Me, washing my hands in front of a mirror:
There’s a woman reading the bible on the tube. Fighting the urge to lean over to her and say “He dies at the end”.
Create a time machine to the 70s by carpeting your entire toilet.
If you think January has been a big month for marches, you’re gonna lose your mind when you hear what the 3rd month of the year is called.
That blue kool-aid that barbers keep their combs in tastes funny.
I have two selves:
One wants to be skinny and my jeans to fit. The other is a fat, hungry monster who would murder her own grandmother for a butterfinger.
My friend said she loves to be scared so I dropped her expensive makeup compact onto the floor
I hate the crossword.
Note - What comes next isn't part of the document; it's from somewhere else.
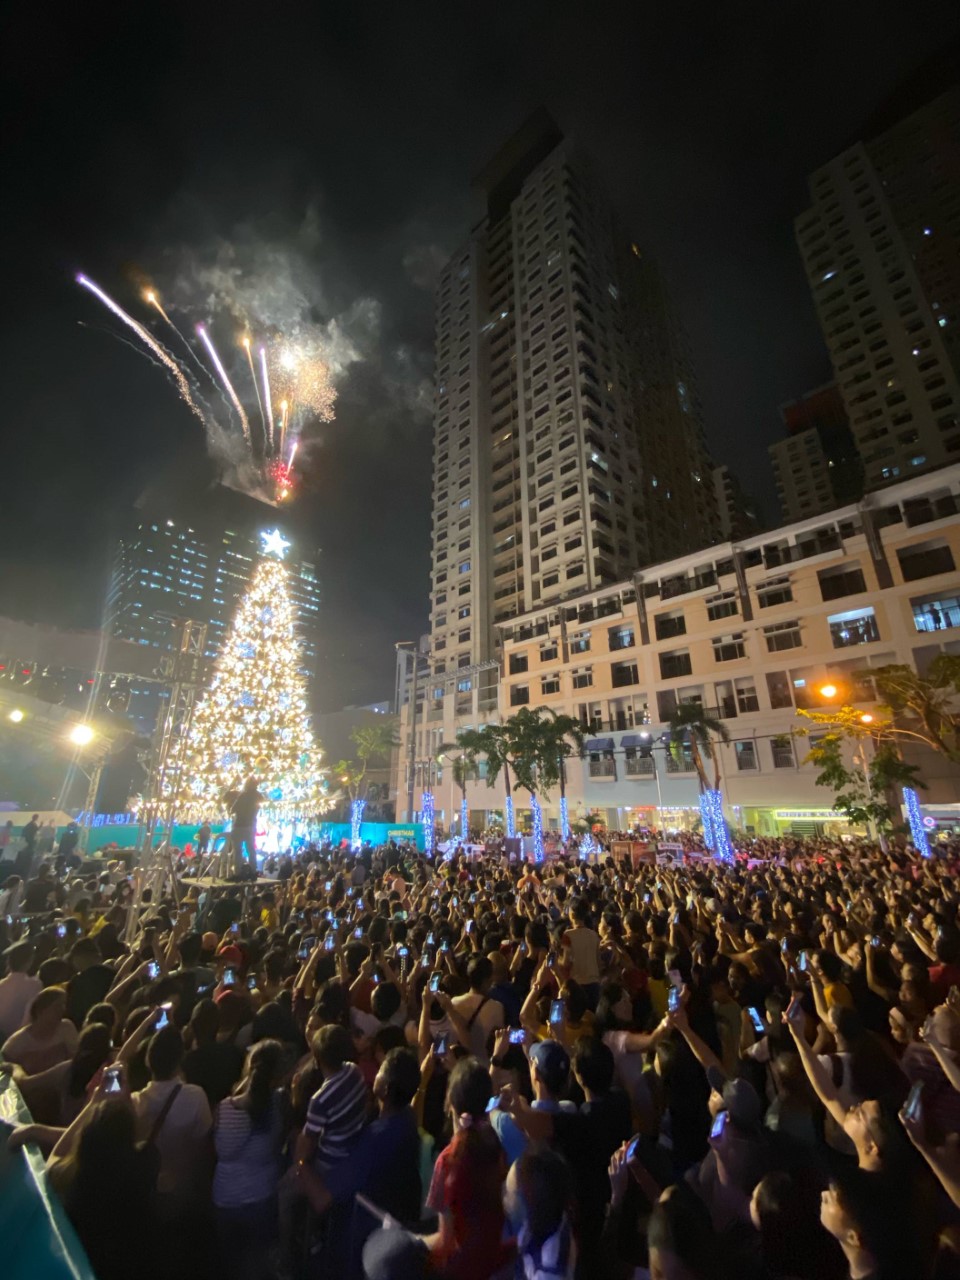 Araneta City lights up Christmas with Anne Curtis, other stars; draws crowd of 25,000

If someone asked me in person to name “Someone getting dressed for lunch?” and then they smiled wryly and said “salad” I would ruin their life
shout out to the women in the hot dog eating contest who ate 2 dogs in 5 minutes… no competitive streak no urgency just taking the stage for a light lunch
I’m sorry I laughed when you said my cannibal joke was in poor taste.
A Match(.com), but for socks.
“the blood moon rises once again” [the dishes i washed yesterday respawn in my sink]
Fog is like lingerie for the sky.
A girl named ReAnne laying in bed each night wondering if she had an older sister named Anne and where she went wrong
I was called a village idiot today which really upset me. I live in a city.
Me: Haha I just never know what to do with my hands while getting my picture taken.
Cop taking my mugshot: Just hold still.
Yesterday I told my husband I was gonna get rid of all the kid’s toys because the house is full and today he told me I couldn’t buy any new ones, as if he thinks I meant it
COP: Do you know why I stopped you?
HIM: We were going too fast?
COP: Yes. Get to know her first. Don’t just talk about yourself either.
date: i love that you know about plots of land
me: thanks that means a lot
I don’t think you’re a bad person. I just think you’re immature and lack intelligence. Hope that helps!
The average person swallows over 4,000 spiders each year. More than that. Tens of thousands. Hundreds of thousands of spiders. It’s crazy.